Transfer reactions as a Tool in Nuclear Astrophysics

TL;DR

This paper reviews how transfer reactions serve as an indirect method to determine nuclear reaction rates crucial for understanding stellar evolution, especially when direct measurements are impractical due to low cross-sections or radioactive nuclei.

Contribution

It provides a comprehensive overview of the transfer reaction method, including its theoretical basis and recent experimental applications in nuclear astrophysics.

Findings

Transfer reactions effectively measure spectroscopic properties of nuclei.

Recent experiments demonstrate the method's utility in key astrophysical reactions.

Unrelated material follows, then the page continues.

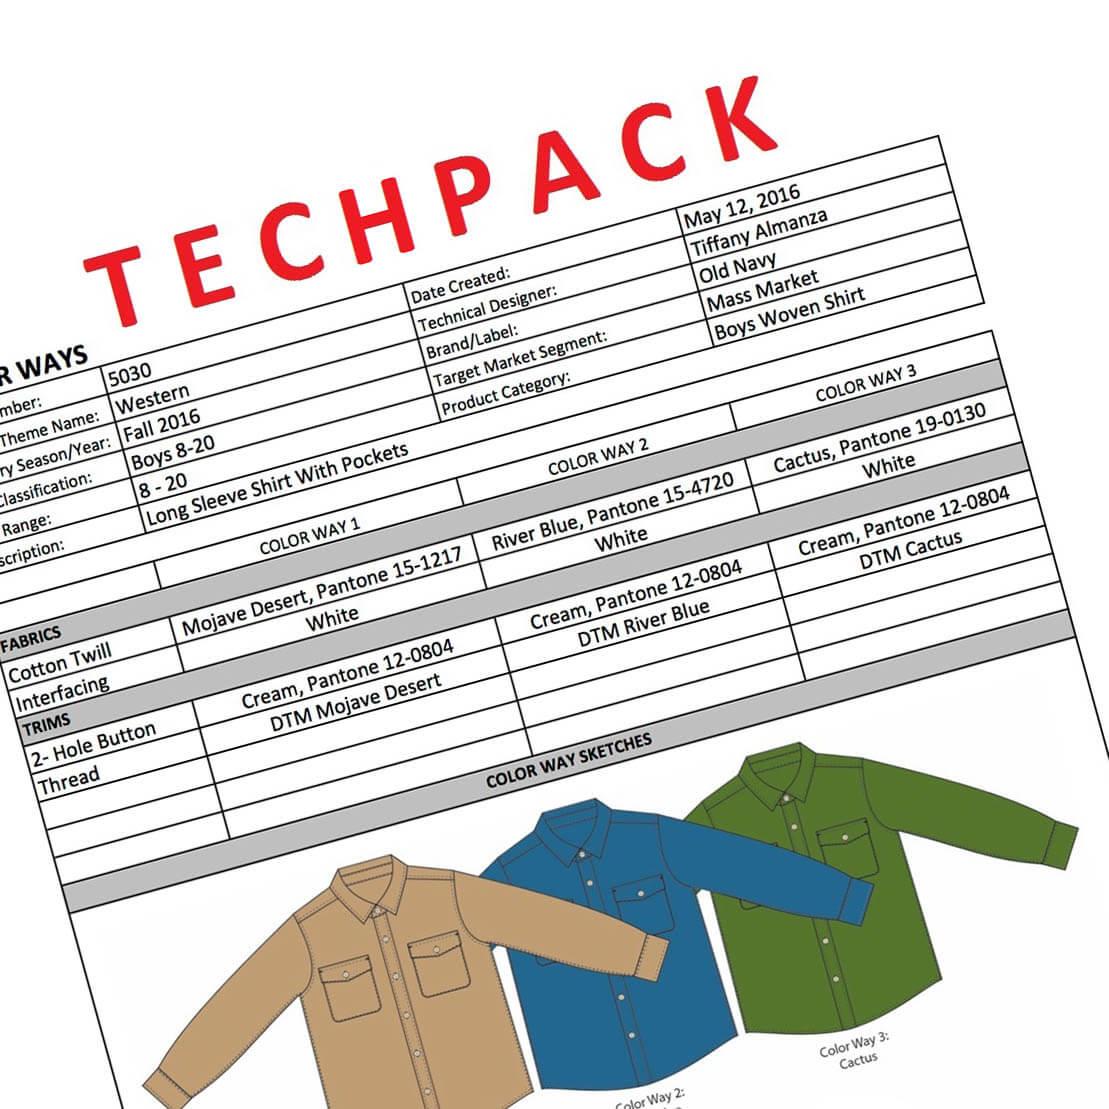 tech pack - data sheet
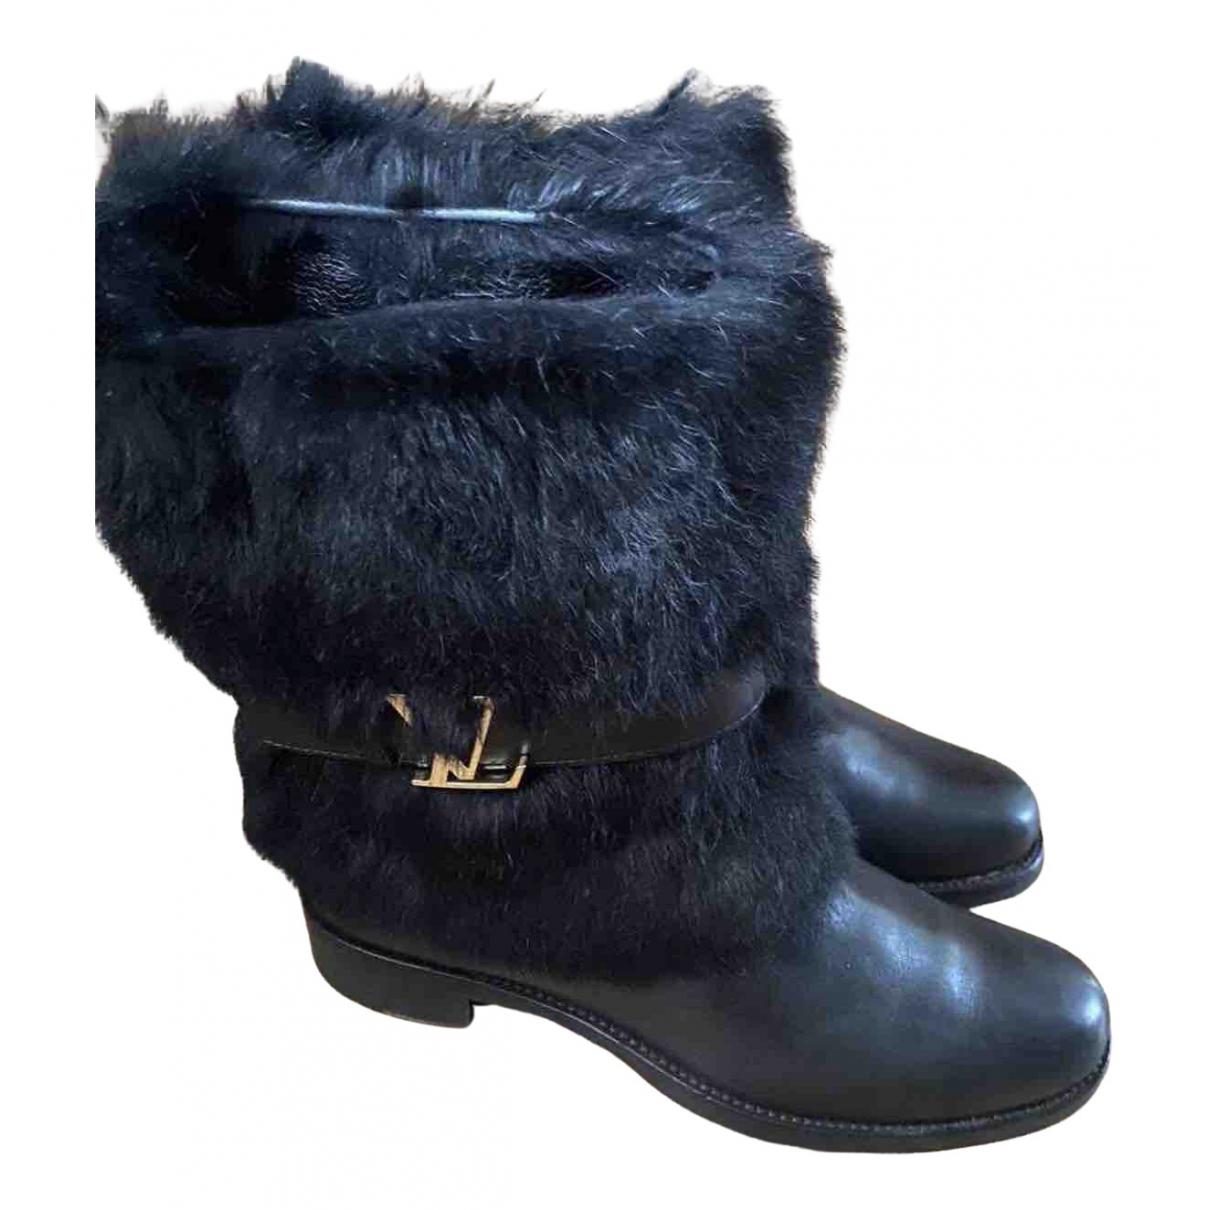 Louis Vuitton - Boots   pour femme en fourrure - noir

The approach helps overcome challenges of direct cross-section measurements.

Abstract

Nuclear reaction rates are one of the most important ingredients in describing how stars evolve. The study of the nuclear reactions involved in different astrophysical sites is thus mandatory to address most questions in nuclear astrophysics. Direct measurements of the cross-sections at stellar energies are very challenging - if at all possible. This is essentially due to the very low cross-sections of the reactions of interest (especially when it involves charged particles), and/or to the radioactive nature of many key nuclei. In order to overcome these difficulties, various indirect methods such as the transfer reaction method at energies above or near the Coulomb barrier are used to measure the spectroscopic properties of the involved compound nucleus that are needed to calculate cross-sections or reaction rates of astrophysical interest. In this review, the basic features of the transfer reaction method and the theoretical concept behind are first discussed, then the method is illustrated with recent performed experimental studies of key reactions in nuclear astrophysics.